Stargazer_v1.0.3 (July 9, 2018)
- Stargazer has been extended to call star alleles in CYP2A6/CYP2A7.
Stargazer_v1.0.2 (June 14, 2018)
- To determine the duplicated star allele in samples with three gene copies or more (e.g., CYP2D6*1x2/*4 vs. *1/*4x2), Stargazer computes allele fractions from sequence reads that carry the corresponding variant.
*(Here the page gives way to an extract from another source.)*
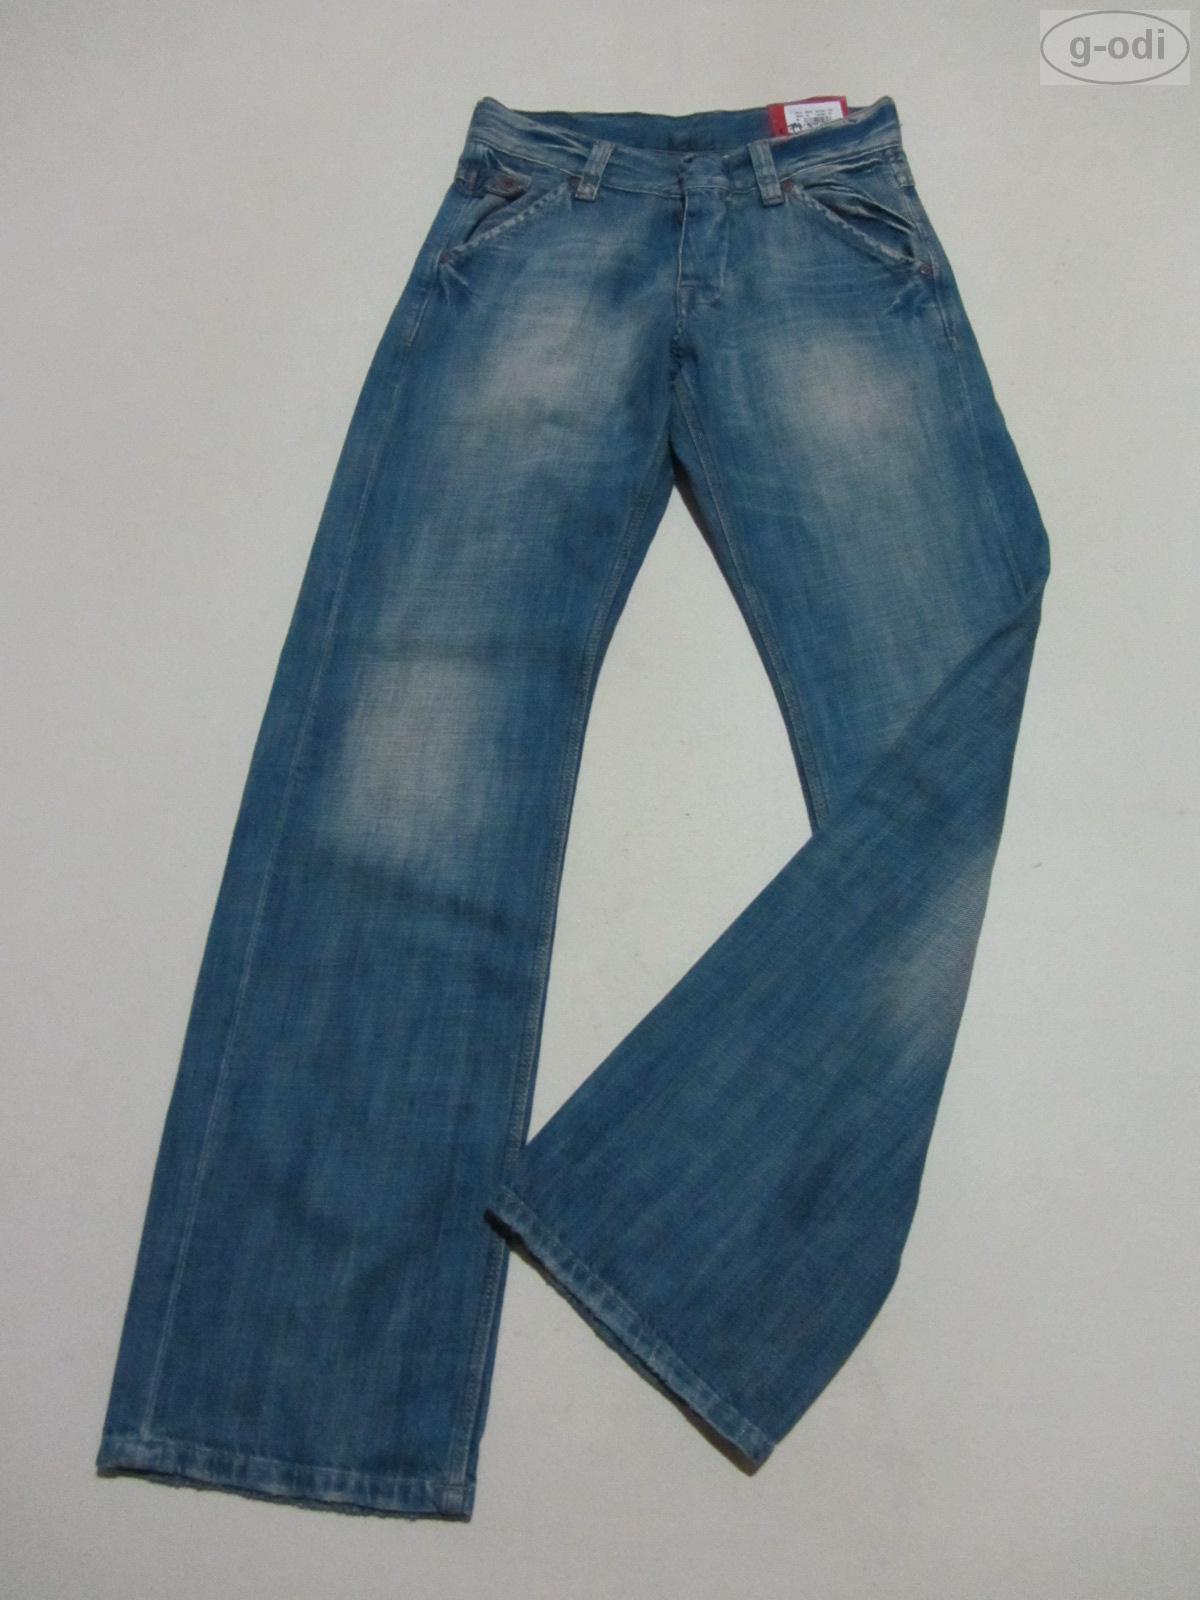 Pepe Jeans HOLBORN, W 28 L 34, NEU    Vintage Denim, Loose Fit, Button Fly

Previous versions of Stargazer test if the observed allele fraction from a sample with three gene copies or more is greater than the mean of allele fractions from all samples within the same sequencing project that are heterozygous for the variant of interest and do not have any structural variation. This version instead uses an optimal decision boundary found with Bayesian updating for two main reasons. First, the empirical mean is not always obtainable (i.e., there is only one sample with the variant) or the mean value might not be accurate if not many samples have this variant. Second, the approach allows utilization of an informative prior that says allele fractions should be centered at 0.5 if heterozygous samples without structural variation are used.
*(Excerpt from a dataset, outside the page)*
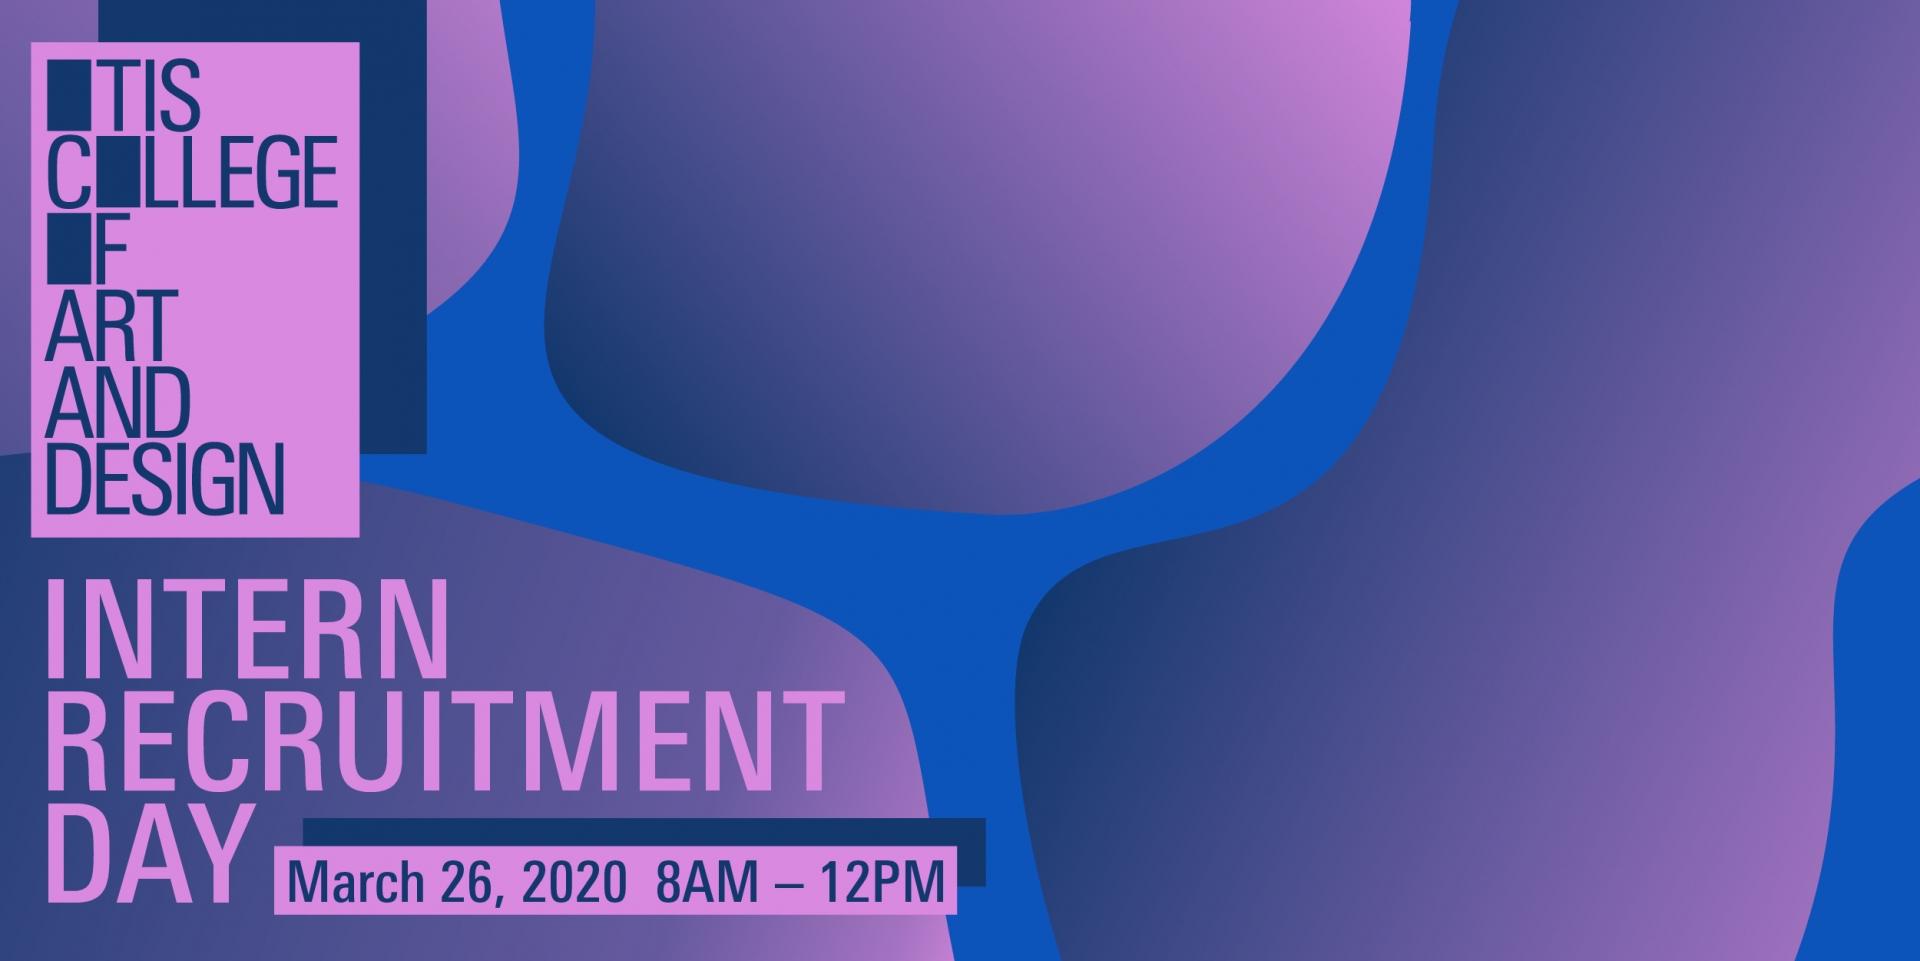 2020 Intern Recruitment Day

Stargazer_v1.0.1 (April 11, 2018)
- For detection of structural variation, this version no longer filters out loci based on the variance in read depth across the samples. Instead, it filters out pre-selected regions that have been empirically shown to produce high noise (e.g., regions in which reads are mapping multiply).
- In order to call structural variants, this version fits every pairwise combination of known sequence structures (one for each chromosome) against the sample's observed copy number profile and then selects the combination that produces the least deviance. This combinatorial testing is used in Stargazer_v1.0.0 as well but only for samples with more than one structural variation (abnormal structure for the first chromosome and abnormal structure for the second chromosome). Basically, this version generalizes the combinatorial testing to be applied to even samples without any structural variation (normal structure and normal structure) and samples with only one structural variation (normal structure and abnormal structure). As a result, the copy number plot now displays the two best sequence structures for the sample in addition to the sample's original copy number.
Stargazer_v1.0.0 (March 11, 2018)
- This version is described in Lee et al., 2018.